Some MPI library (e.g. MPICH and OpenMPI on Windows) don't
contain any MPI wrappers and thus 417d0afff broke the support for
those MPI libraries.

This change uses the FindMPI module if the compiler is not a
mpi wrapper and cmake >= 2.8.5. Requiring mpi wrappers for
cmake < 2.8.5 avoids reintroducing the problems of #851.

To avoid any confusion of different behavior with older and newer
versions of cmake, all documentation should recommend the mpi wrapper
approach, which works for all versions. The FindMPI approach should
only be discussed for advanced users (to support e.g. Windows).

As a side effect this change makes it more convinient to use with
cmake>=2.8.5. No need to speciy mpi wrapper and less problems with
nvcc.

Fixes #958

Change-Id: Ic53d8125c5a58edc6789fe16f2b710e7e2568d4f

History

#1 Updated by Roland Schulz about 7 years ago

I suggest we add FindMPI back in so that we don't break Windows and potential other odd MPI implementations (MPI standard doesn't require mpicc to exist). I think we can avoid all the problems described in #851 by keeping the current approach as the recommended/documented approach.
I propose, if the user does not set CC=mpicc (meaning CC is an MPI wrapper - it doesn't need to be called "mpicc") then we automatically fall back to FindMPI. This is in fact exactly as it was before. We already had a check whether CC=mpicc and only used FindMPI if that wasn't the case. The only difference to before removing FindMPI would be that CC=mpicc would be the documentation/recommendation appraoch.

The result:
- The user is expected to use CC=mpicc. This works with all cmake versions.
- If the user does not set CC=mpicc we use FindMPI (might not work with older cmake versions).
- For an MPI implementation without mpicc (e.g. Windows) it works as long as the cmake version is current enough.
- For older cmake versions the user is not worse off then now. Whether the user forgot CC=mpicc on *nix or is on Windows: in both cases it doesn't work but it doesn't work right now either.
- If CC!=mpicc and FindMPI fails then we print a message recommending to set CC to an mpi wrapper.
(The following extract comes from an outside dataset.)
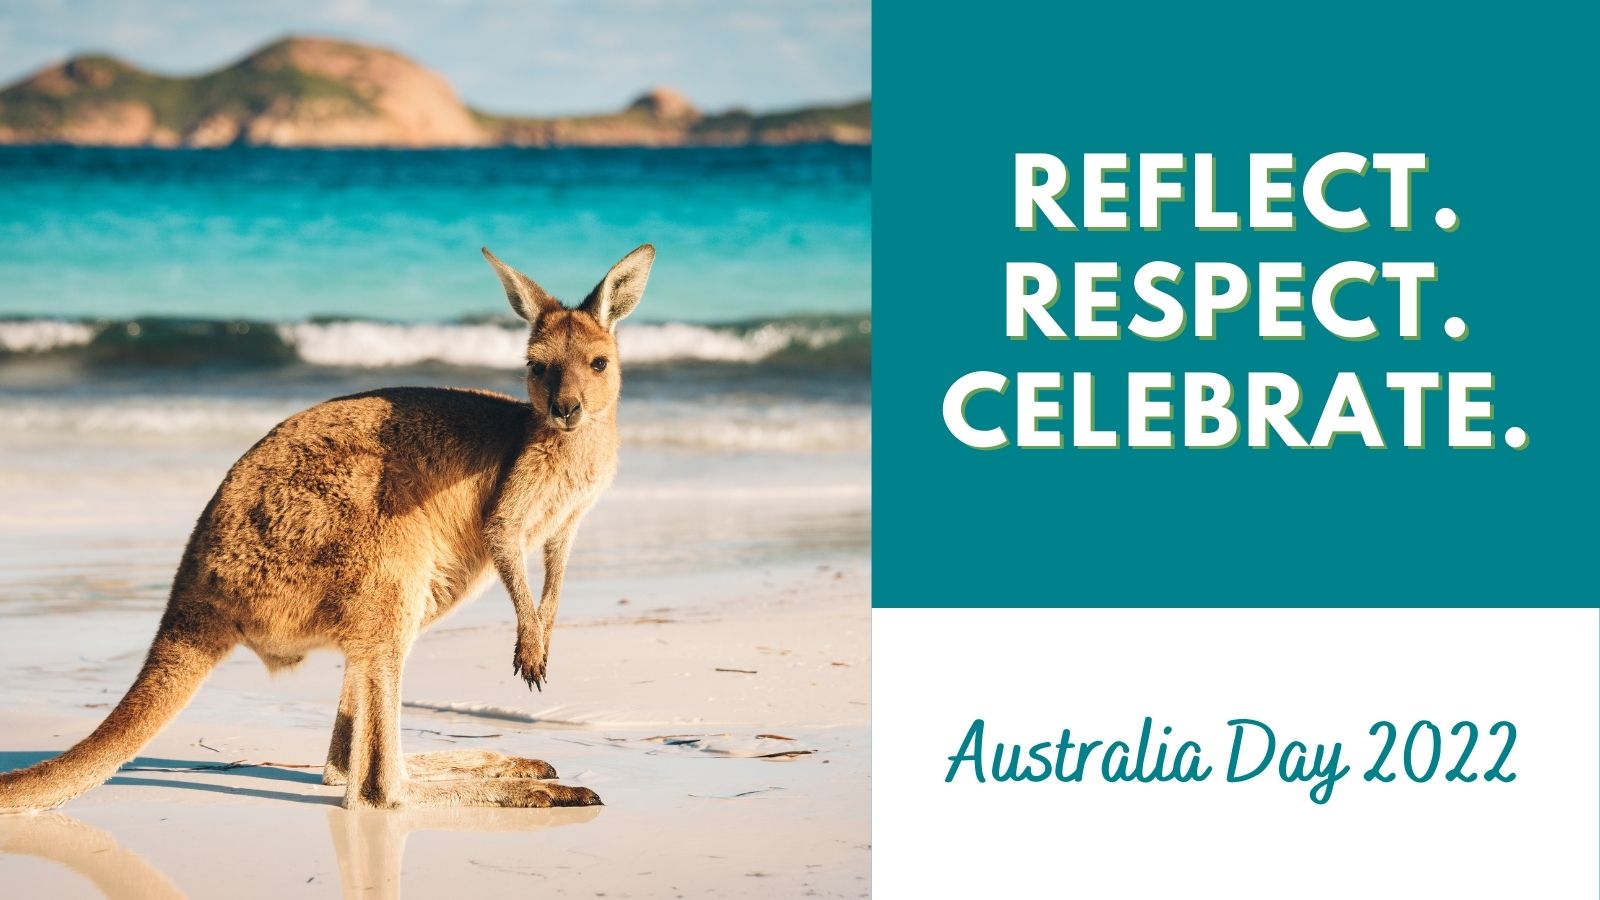 A kangaroo on a beach, with a banner 'Reflect. Respect. Celebrate"
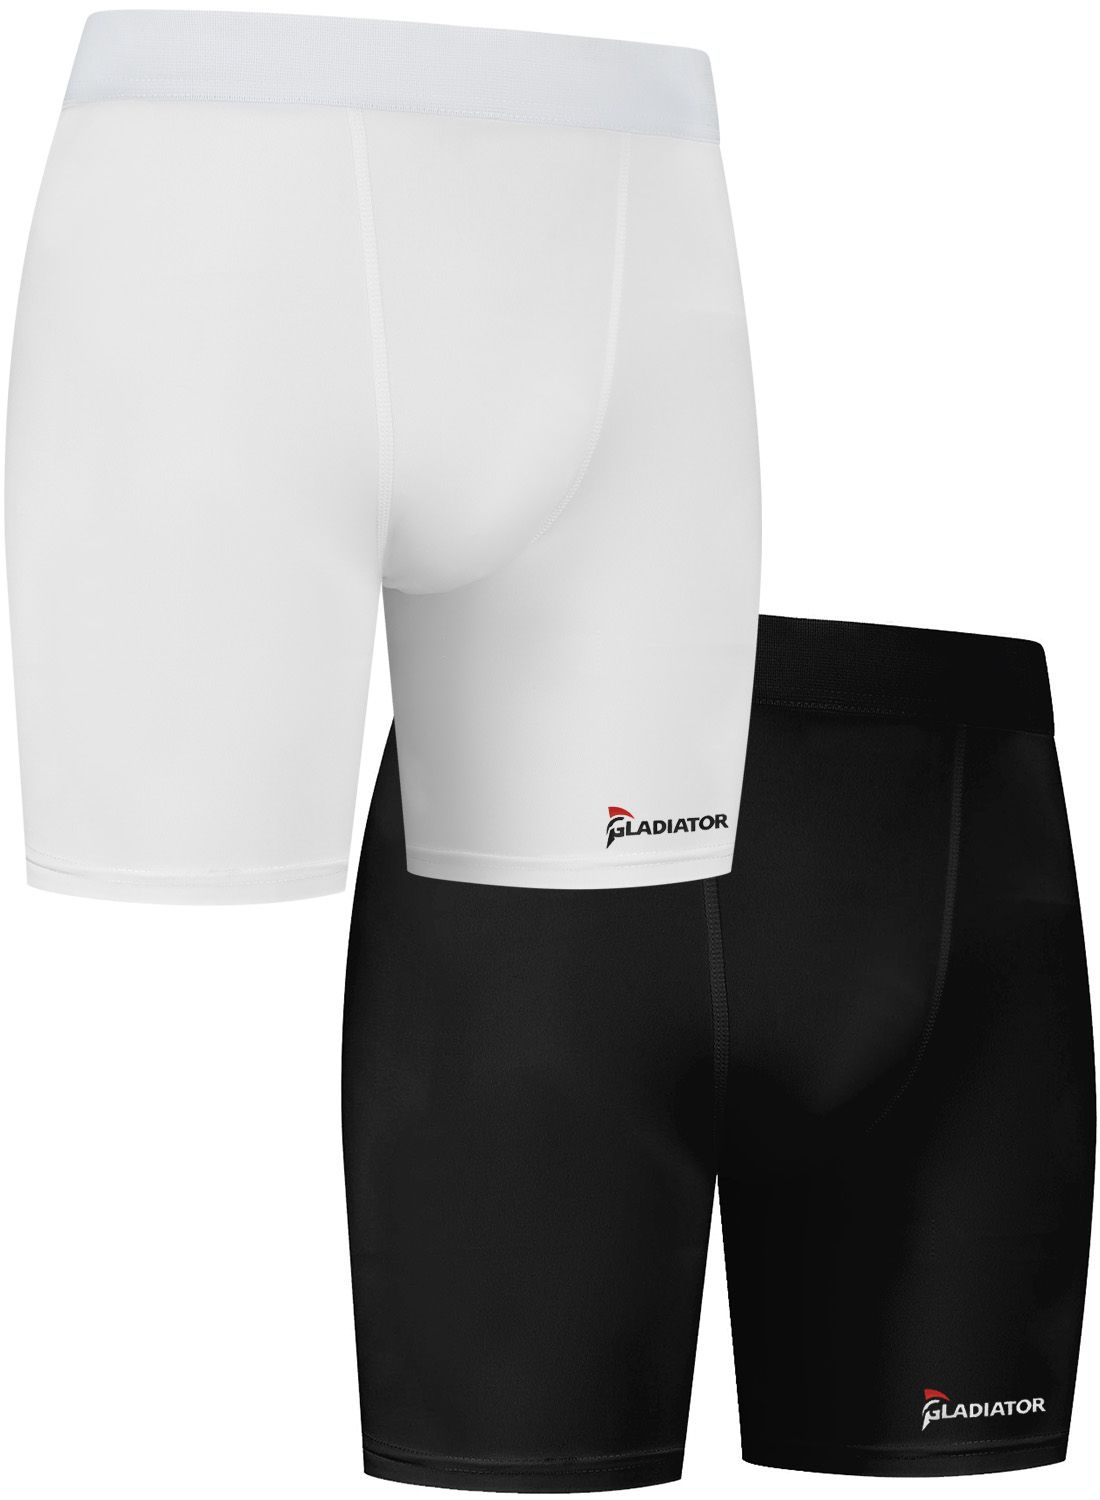 gladiator sports mens compression shorts in black and white for sale

#2 Updated by Szilárd Páll about 7 years ago

I very much for this change!

I would add that not having to use mpicc as a compiler would solve another important issue: ATM with MPI the users has to manually set the nvcc host-compiler (e.g. gcc) manually as mpicc often doesn't work with nvcc.

Additionally, FindMPI almost always worked for me and it was slightly more hassle-free than having to always set CC=mpicc CXX=mpicxx.

#3 Updated by Mark Abraham about 7 years ago

I'm happy with Roland's suggested solution. We need to make sure the attempt to use FindMPI.cmake only takes place on sufficiently recent versions of CMake, and that not having an MPI compiler set up properly doesn't lead to error messages about CMake version that obscure the real problem.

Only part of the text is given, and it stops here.